Et puis il y a toute le paradoxe des cryptogrammes. Je crois que Dan Brown essaie en même temps d’entrer suffisamment dans les détails pour attirer le lecteur, mais pas trop, pour ne pas le perdre, et en même temps en ce qui concerne la résolution d’énigmes, si ça se passait trop vite il n’y aurait pas autant de suspense, non ? Du coup en plus des scènes à la James Bond ratées, – parce que pas de James Bond mais seulement des cryptologues pas doués – on a aussi l’incroyable temps de suspense dû à la Résolution de l’Enigme, qui n’est pas forcément tellement plus poussée que les choses qu’on trouve dans Mickey Parade, mais que les pros vont mettre des pages et des pages à craquer, toujours je pense pour que le lecteur puisse participer, ce qui ne serait probablement pas le cas si c’était des énigmes haut de gamme, tout en maintenant un certain suspense.
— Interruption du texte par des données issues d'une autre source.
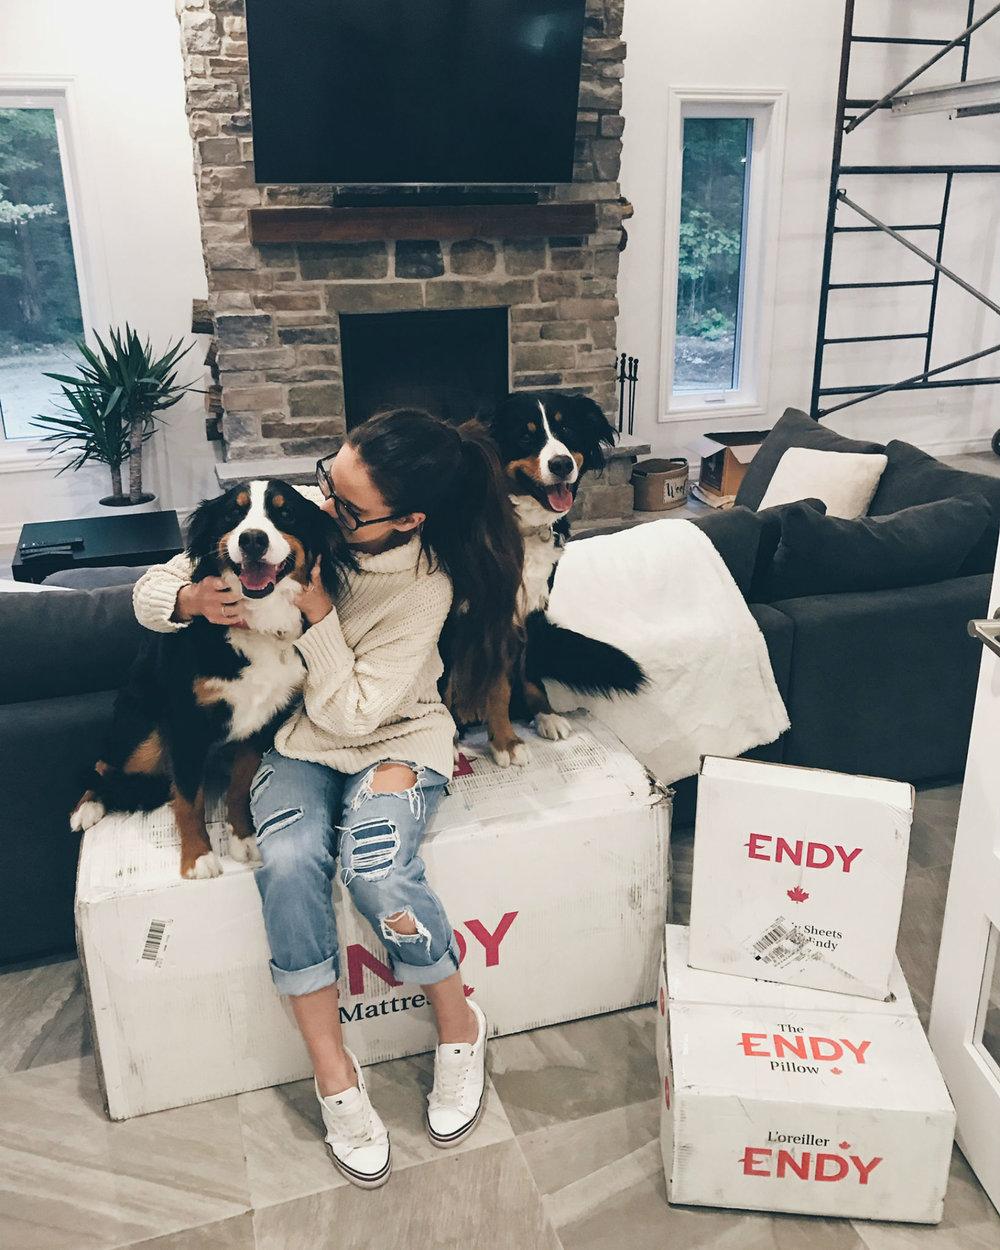 "Kim Demers (@kim_demers) - Demers is a vlogger on YouTube from Montreal. Along with her great content, her three dogs, Zara, Zoey and Zachary, are showstoppers.""Tellement heureuse d'avoir ENFIN reçu mon lit king @endy. Moi qui avait des problèmes de sommeil dernièrement, je vous confirme que je dort comme un bébé maintenant 👶🏻 #gifted #endypartner"""
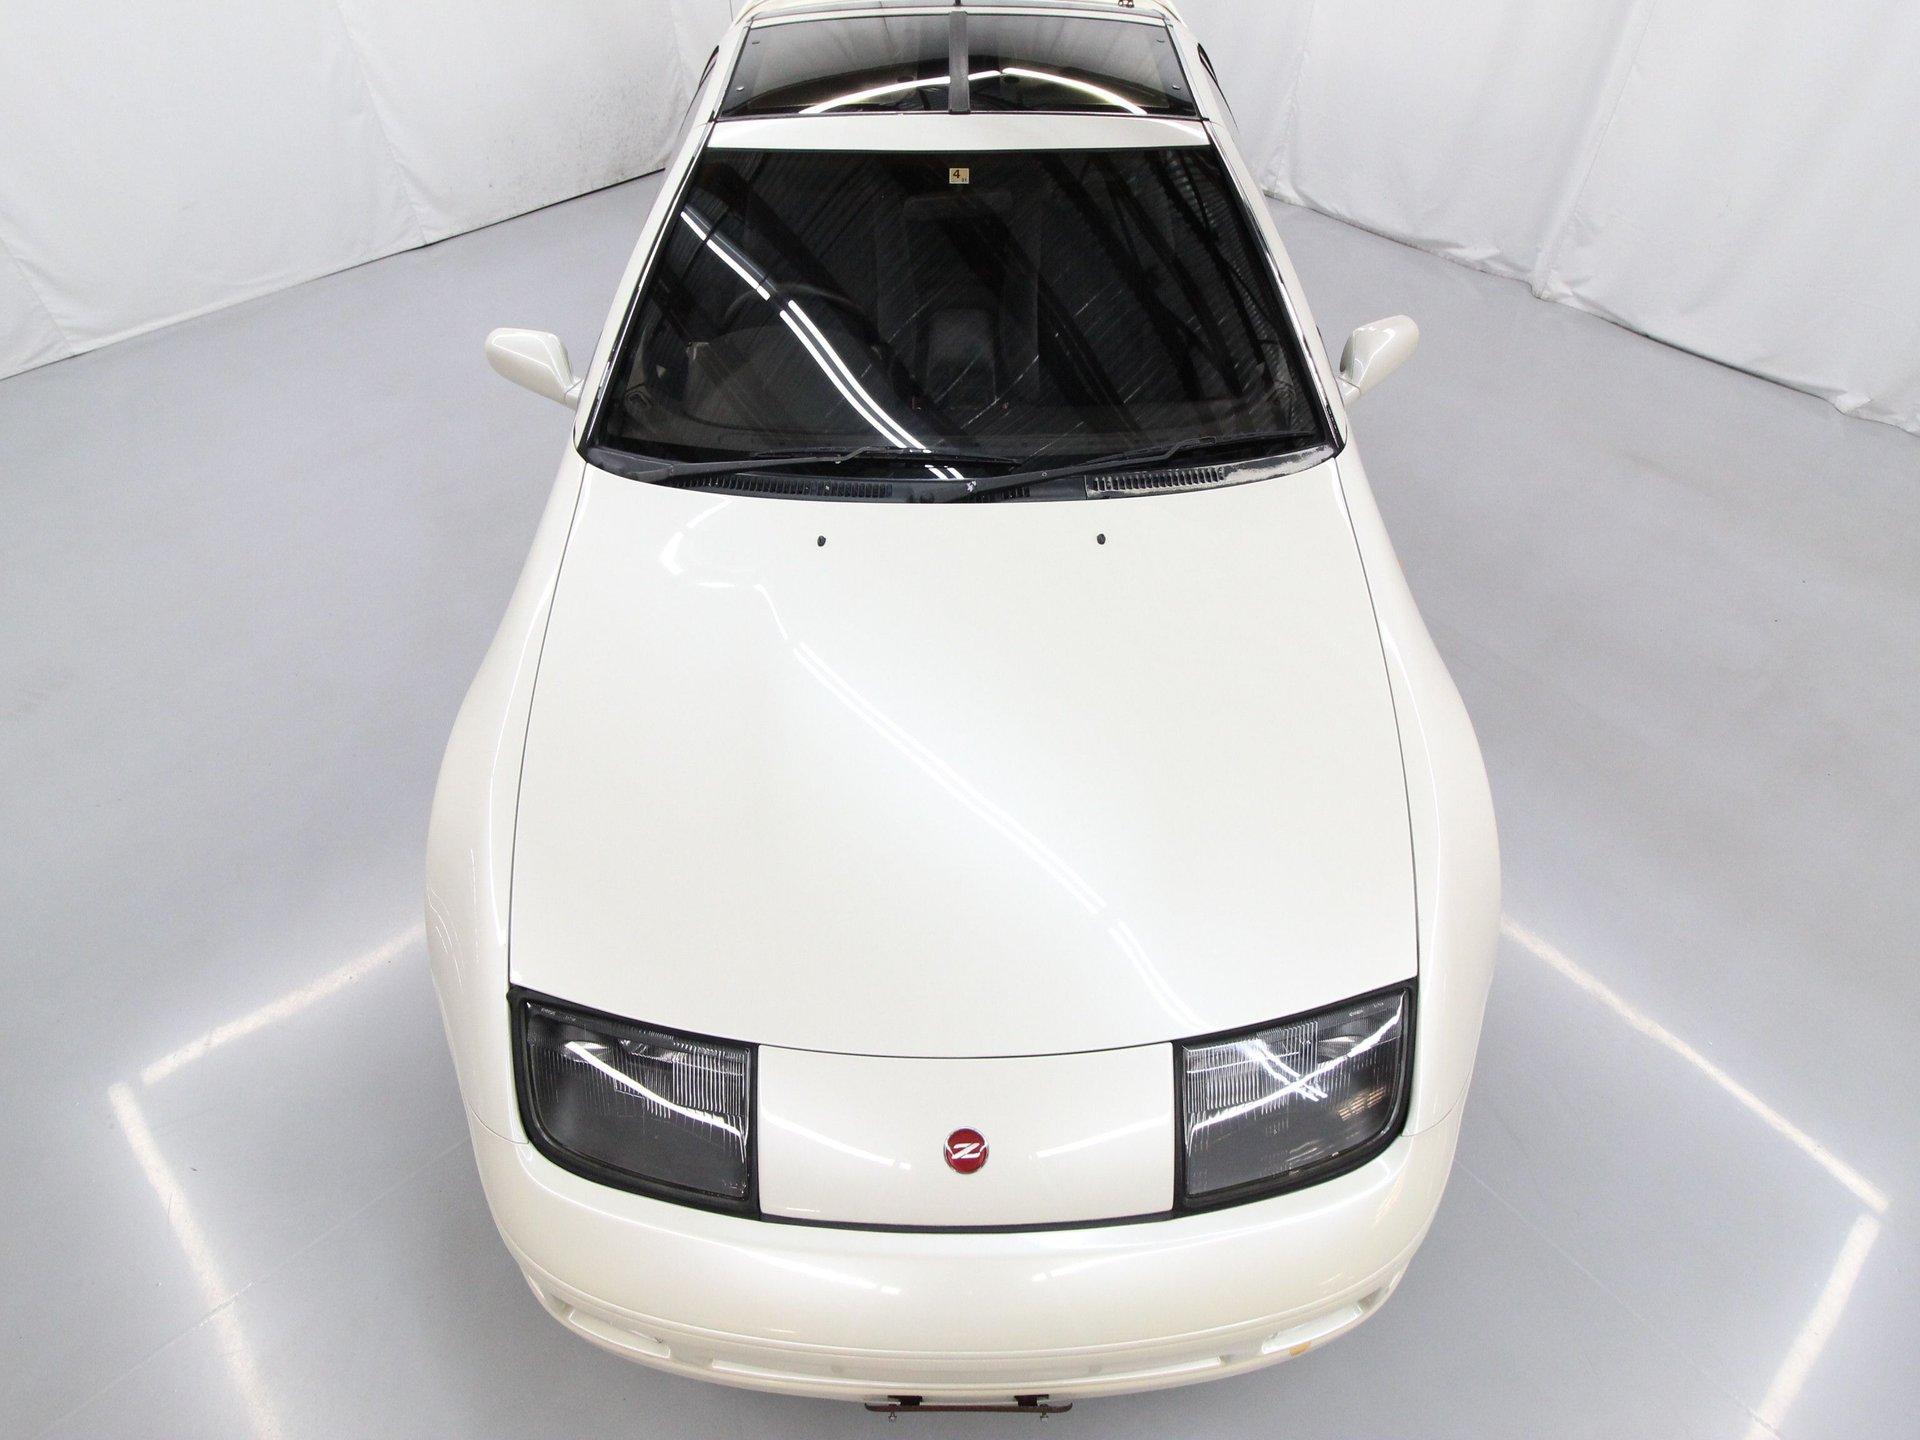 1993 Nissan Fairlady 300ZX

Bref. Le plus magnifique exemple, je l’ai trouvé dans Anges et Démons, que j’ai commencé il y a longtemps mais pas terminé encore, avec une écriture à l’envers (genre miroir) : deux pages de « je ne connais pas cette écriture », « quel code avancé, on n’y comprend rien », etc. Très drôle. Ici, on en a une un peu plus complexe, mais quand même. Avec un peu de culture générale et/ou un bac scientifique et/ou un intérêt pour la physique c’est gérable (j’avais mon idée 2 min après avoir lu le truc), mais eux vont mettre 14 pages, et chercher bien trop loin, avant de trouver la réponse qui n’est pas si compliquée.
Toujours un bon moment de rigolade. Encore une lecture de vacances.